Lobbyists also attempt to influence public policy using PR campaigns. The Water Environment Federation, a lobbying group representing the sewage industry, initiated a campaign to promote the application of sewage on farms during the early 1990s. The campaign came up with the word biosolids to replace the term sludge. Then it worked to encourage the use of this term as a way to popularize sewage as a fertilizer, providing information to public officials and representatives. In 1992, the U.S. Environmental Protection Agency adopted the new term and changed the classification of biosolids to a fertilizer from a hazardous waste. This renaming helped New York City eliminate tons of sewage by shipping it to states that allowed biosolids (Stauber & Rampton, 1995).
Political Branding
Politics has also embraced branding. Former President Bill Clinton described his political battles in terms of a brand war:
[The Republicans] were brilliant at branding. They said they were about values…. Everybody is a values voter, but they got the brand…they said they were against the death tax…what a great brand…. I did a disservice to the American people not by putting forth a bad plan, but by not being a better brander, not being able to explain it better (Kiley, 2008).
A consistently popular political brand is that of the “outsider” or reform-minded politician. Despite his many years of service in the U.S. Senate, John McCain famously adopted this brand during the 2008 presidential election. McCain’s competitor, Barack Obama, also employed branding strategies. The Obama campaign featured several iconic portraits and slogans that made for a consistent brand and encouraged his victory in 2008. Before Obama’s inauguration in January 2009, his campaign sold an unprecedented amount of merchandise, a further testament to the power of branding (Alberts, 2009).

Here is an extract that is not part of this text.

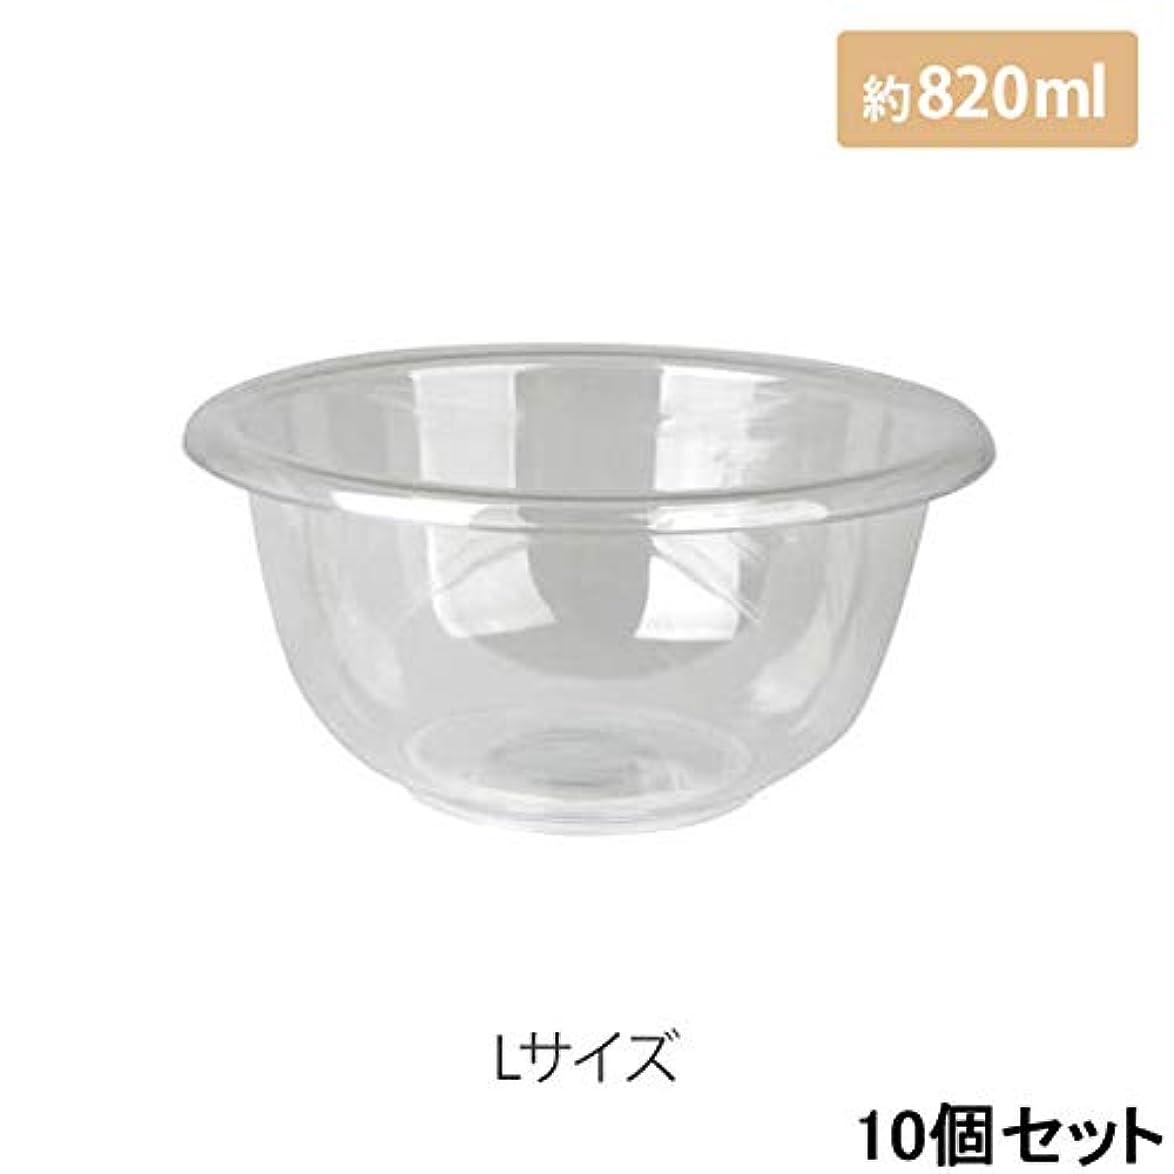 ペストリーコイル組マイスター プラスティックボウル (Lサイズ) クリア 直径19.5cm (10個セット) [ プラスチックボール カップボウル カップボール エステ サロン プラスチック ボウル カップ 割れない ]
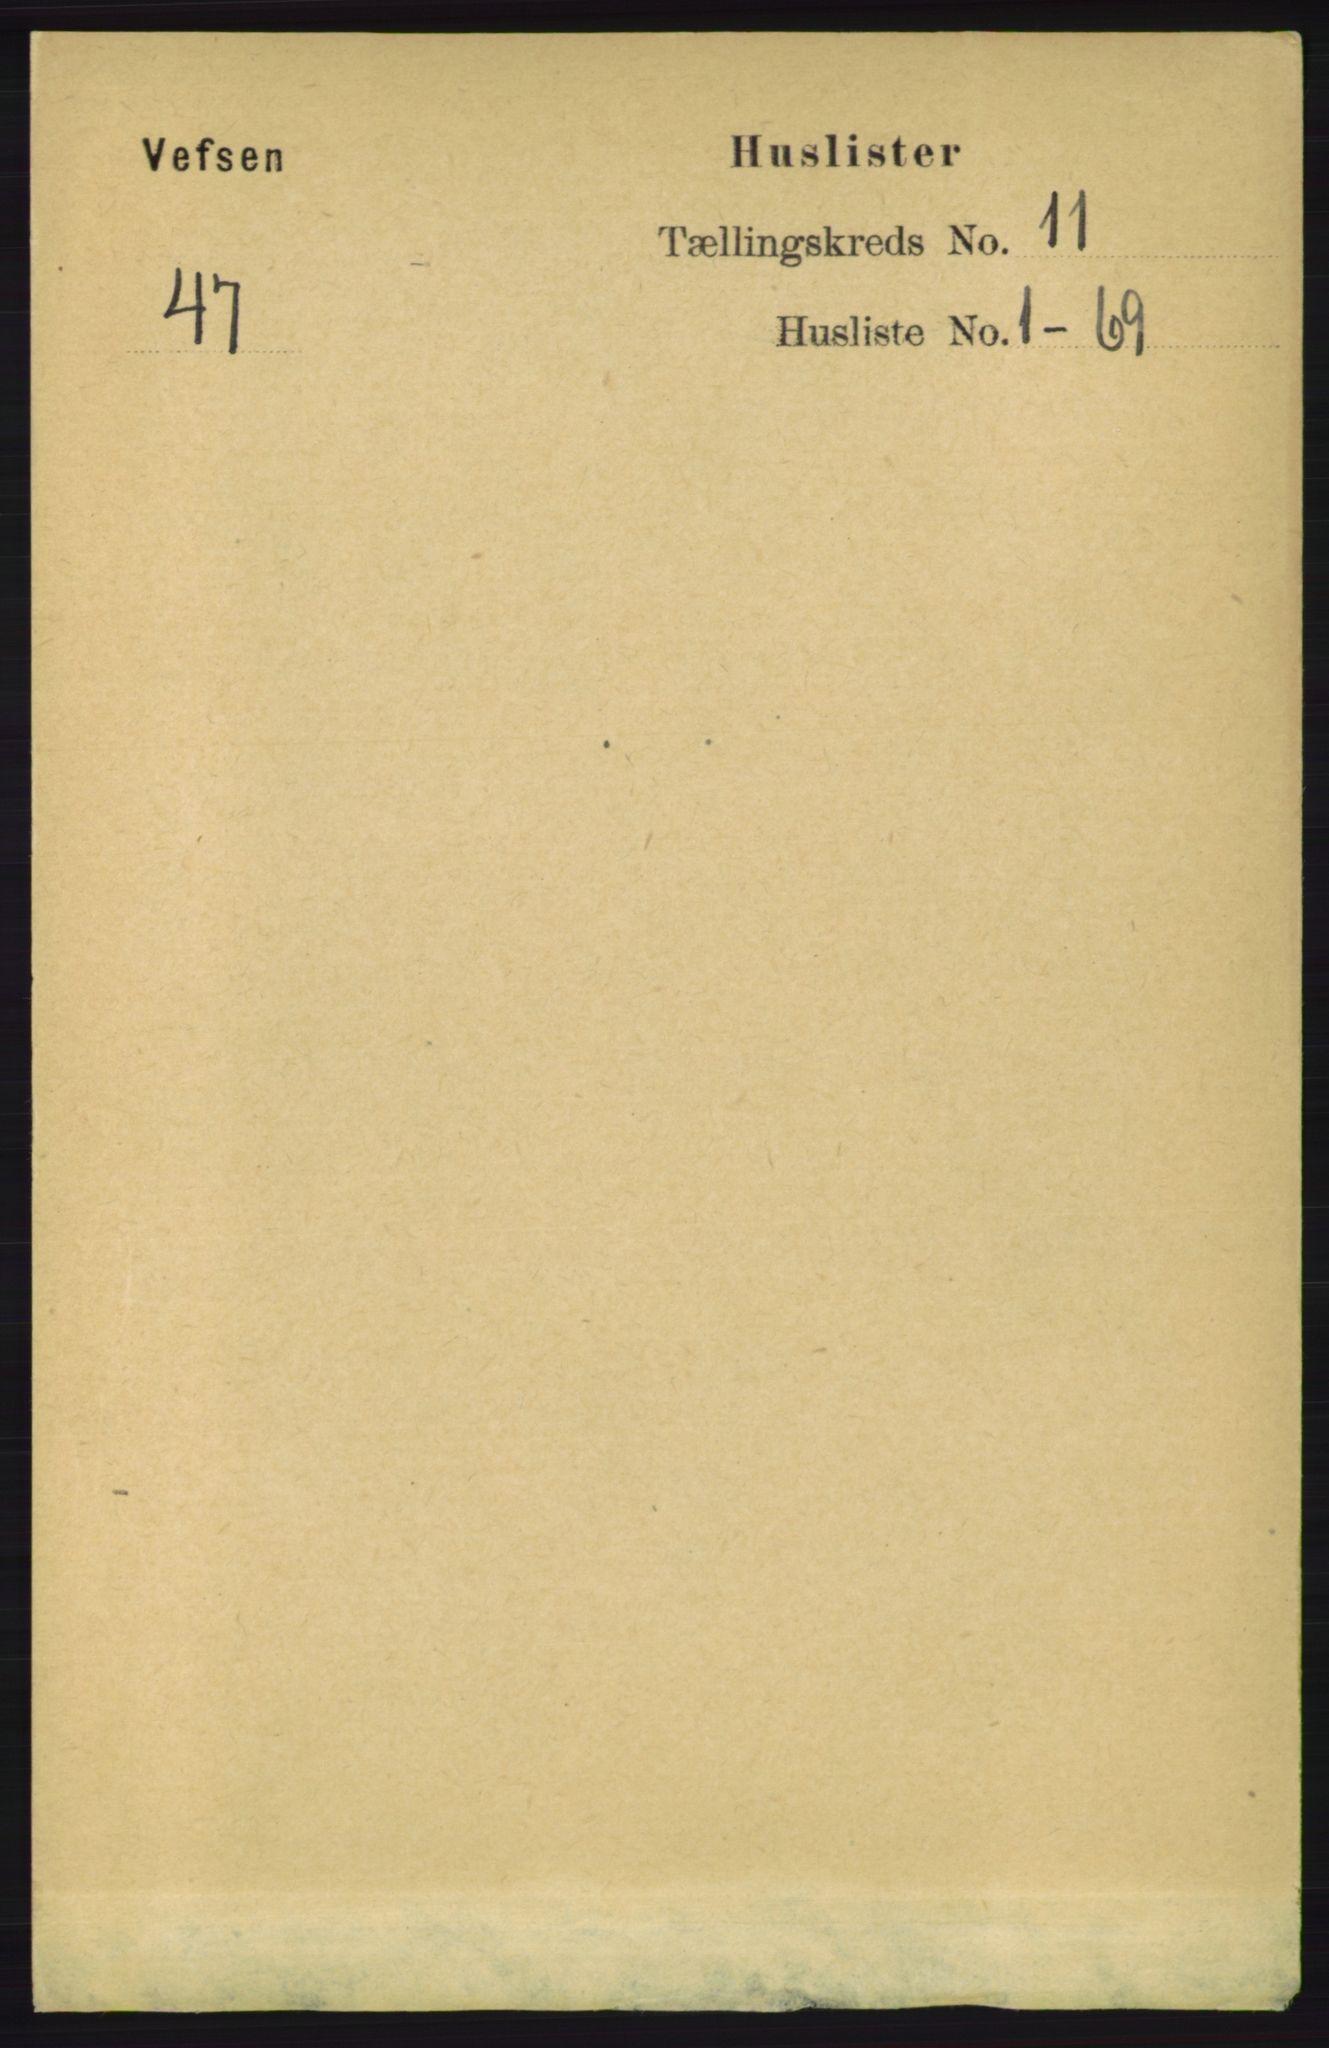 RA, Folketelling 1891 for 1824 Vefsn herred, 1891, s. 5592

Branding as a New Form of Communication
That so many different groups have adopted branding as a means of communication serves as a testament to its ubiquity. Even anticommercial, anti-brand groups such as Adbusters have created brands to send messages. Social media sites have also encouraged branding techniques by allowing users to create profiles of themselves that they use to communicate their core values. This personal application perhaps demonstrates the greatest evidence of the impact of advertising and PR on modern culture. Branding, once a technique used by companies to sell their products, has become an everyday means of communication.